[Material for this exercise]
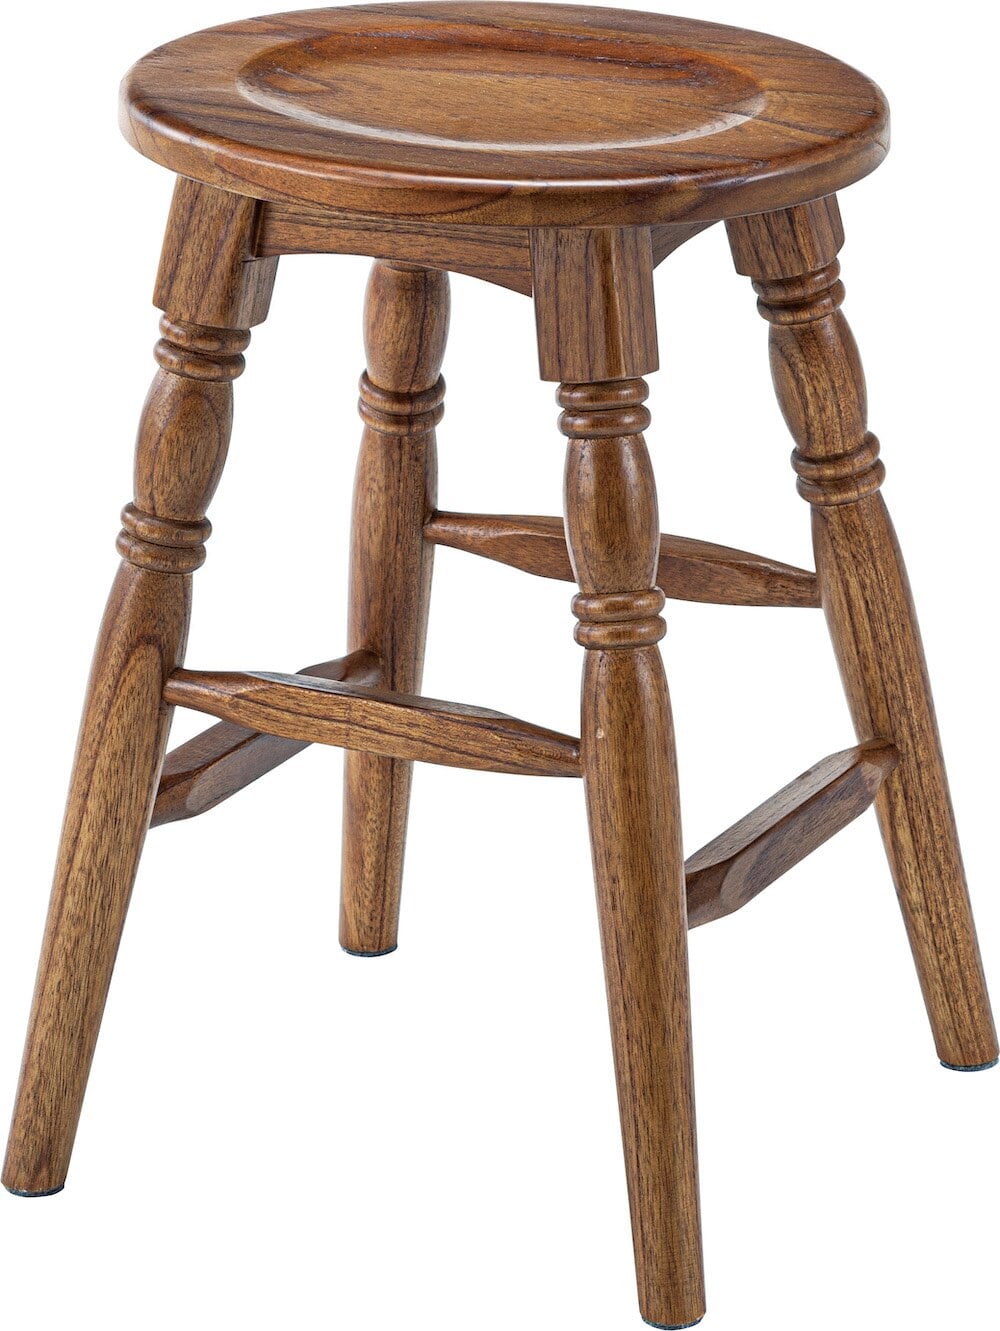 スツール 木製 高さ45cm 楕円 ロータイプ 上品 おしゃれ 椅子 いす アンティーク調 シャビーシック ブラウン ホワイト |  selecshopクレイン powered by BASE
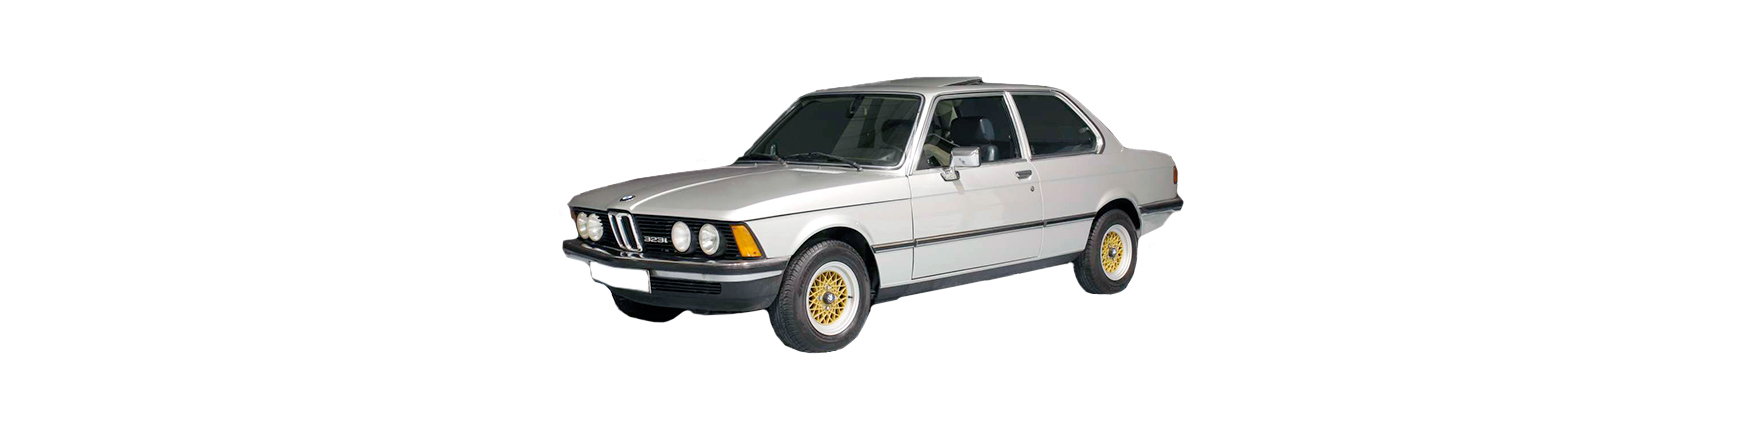 Piezas y Recambios De BMW SERIE 3 (E21) 06-1975 a 12-1982 | Veramauto.es
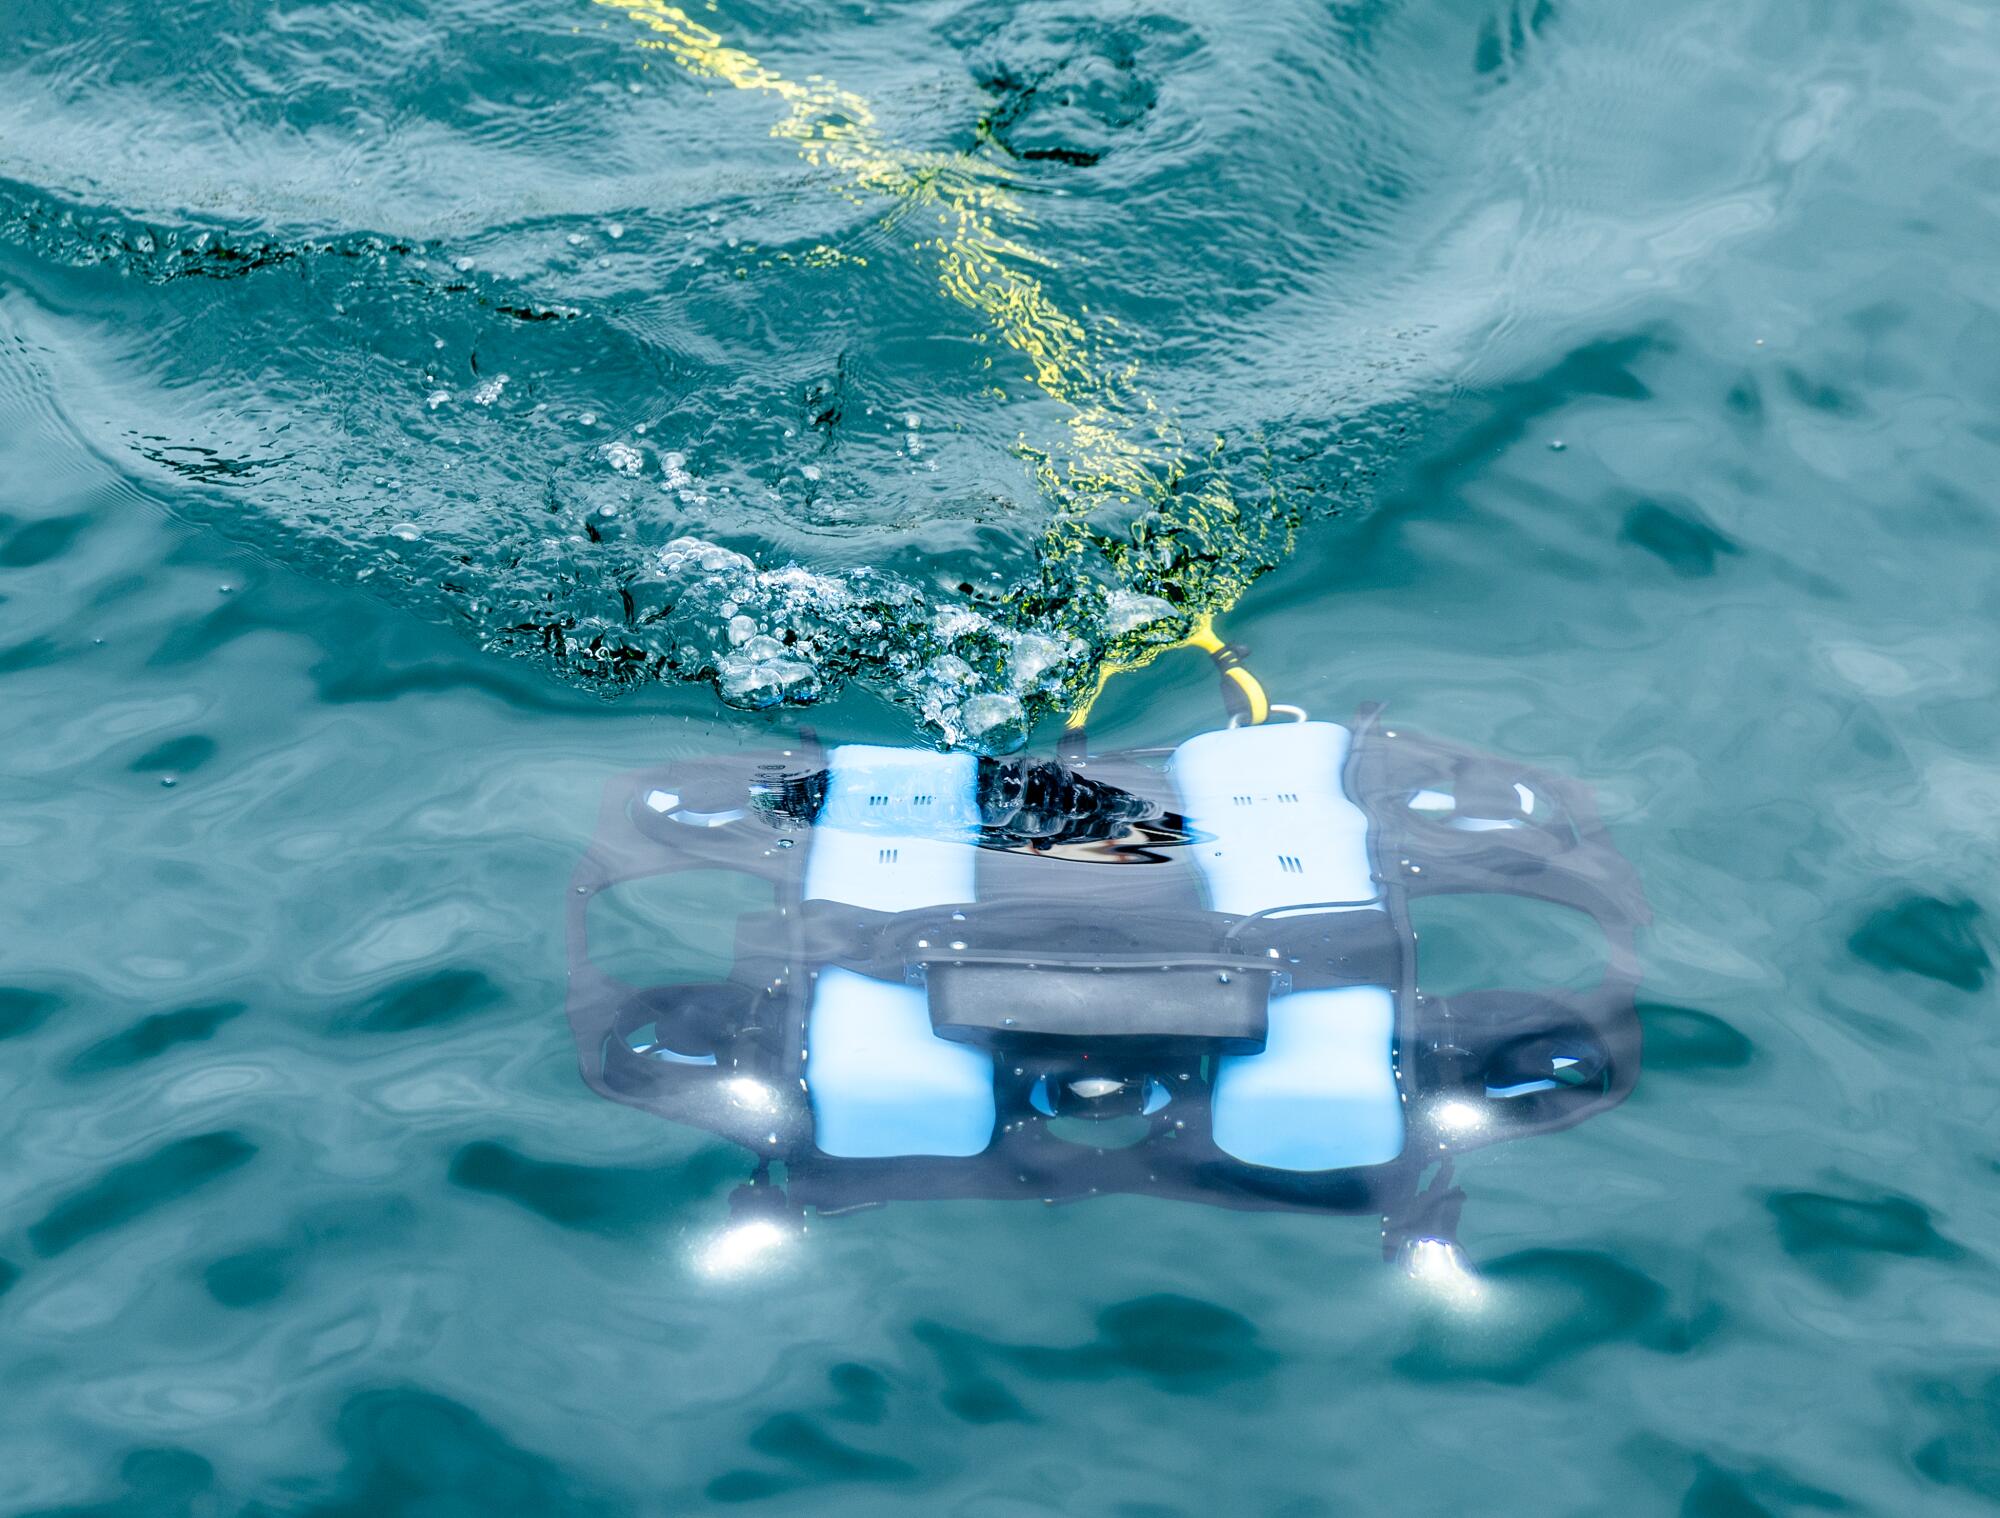 BlueROV2 是一款高性能遥控机器人 (ROV)，可用于检查、研究和探险，
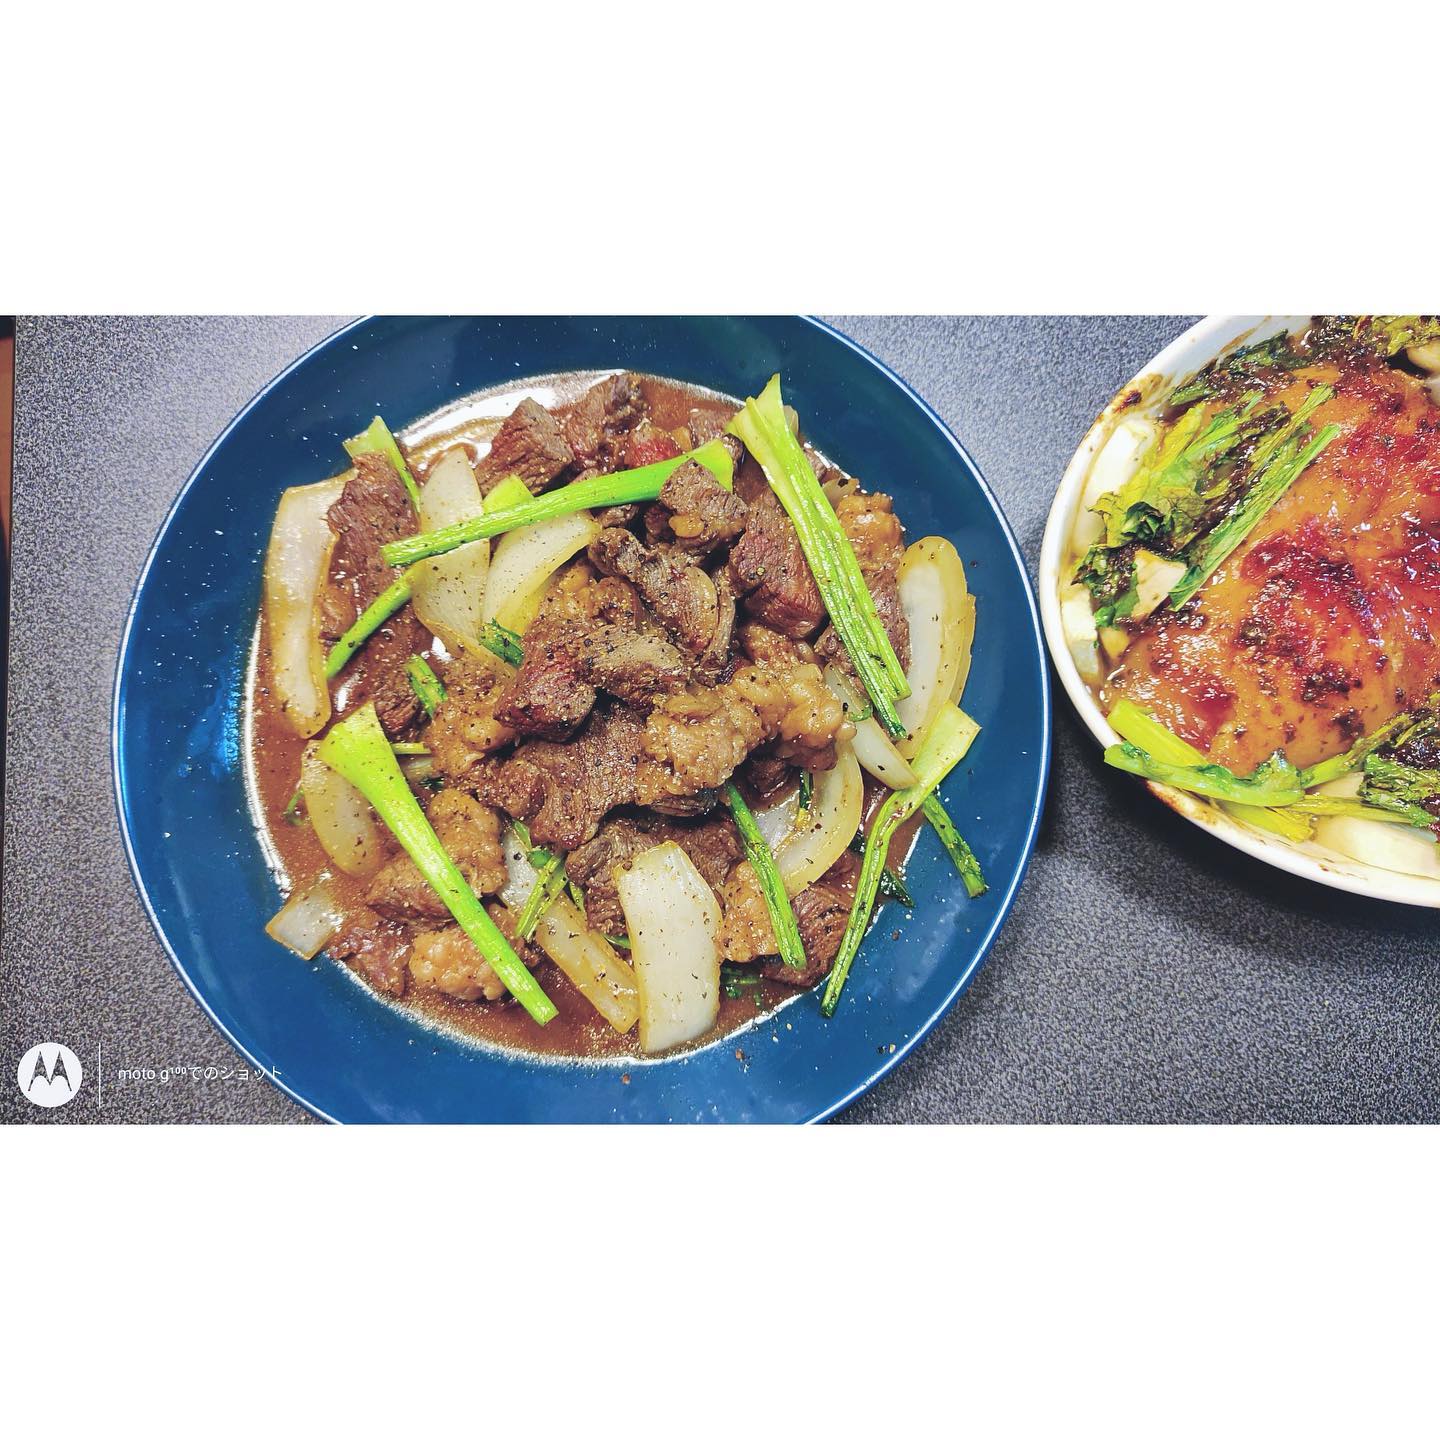 シェイキングビーフ Bo luc lac
Vietnamese Shaking beef

ベトナム/クメール料理。私のレシピはブラックペッパーが多分通常の2.5倍🔥たまらんです。
＊
More recipes on my blog🙇🏻‍♀️
Blogでレシピ書いてます、プロフィールから🙇🏻‍♀️
@akoscookbook
＊

#レシピ #ブログ初心者 #料理すきな人と繋がりたい #料理好きな人と繋がりたい #おうちごはん部 　#ごはん記録 #クッキングラマー#recipeoftheday #foodporn #foodblogger #foodstagram #likeforlikes #photooftheday #instalike #yummyyummy #eatright #cookingathome #instafood #japanesefood #yummy #dinner #homemadecooking  #ベトナム料理 #エスニック料理 #shakingbeef #boluclac #vietnamesefood #kumer

[Brief] Repeat, exactly and with no pictures, each line from the line that holds "BlueROV2 是一款高性能遥控机器人 (ROV)，可用于检查、研究和探险，" through the last line of the records above.

[Finished task]
 BlueROV2 是一款高性能遥控机器人 (ROV)，可用于检查、研究和探险，
 シェイキングビーフ Bo luc lac
Vietnamese Shaking beef

ベトナム/クメール料理。私のレシピはブラックペッパーが多分通常の2.5倍🔥たまらんです。
＊
More recipes on my blog🙇🏻‍♀️
Blogでレシピ書いてます、プロフィールから🙇🏻‍♀️
@akoscookbook
＊

#レシピ #ブログ初心者 #料理すきな人と繋がりたい #料理好きな人と繋がりたい #おうちごはん部 　#ごはん記録 #クッキングラマー#recipeoftheday #foodporn #foodblogger #foodstagram #likeforlikes #photooftheday #instalike #yummyyummy #eatright #cookingathome #instafood #japanesefood #yummy #dinner #homemadecooking  #ベトナム料理 #エスニック料理 #shakingbeef #boluclac #vietnamesefood #kumer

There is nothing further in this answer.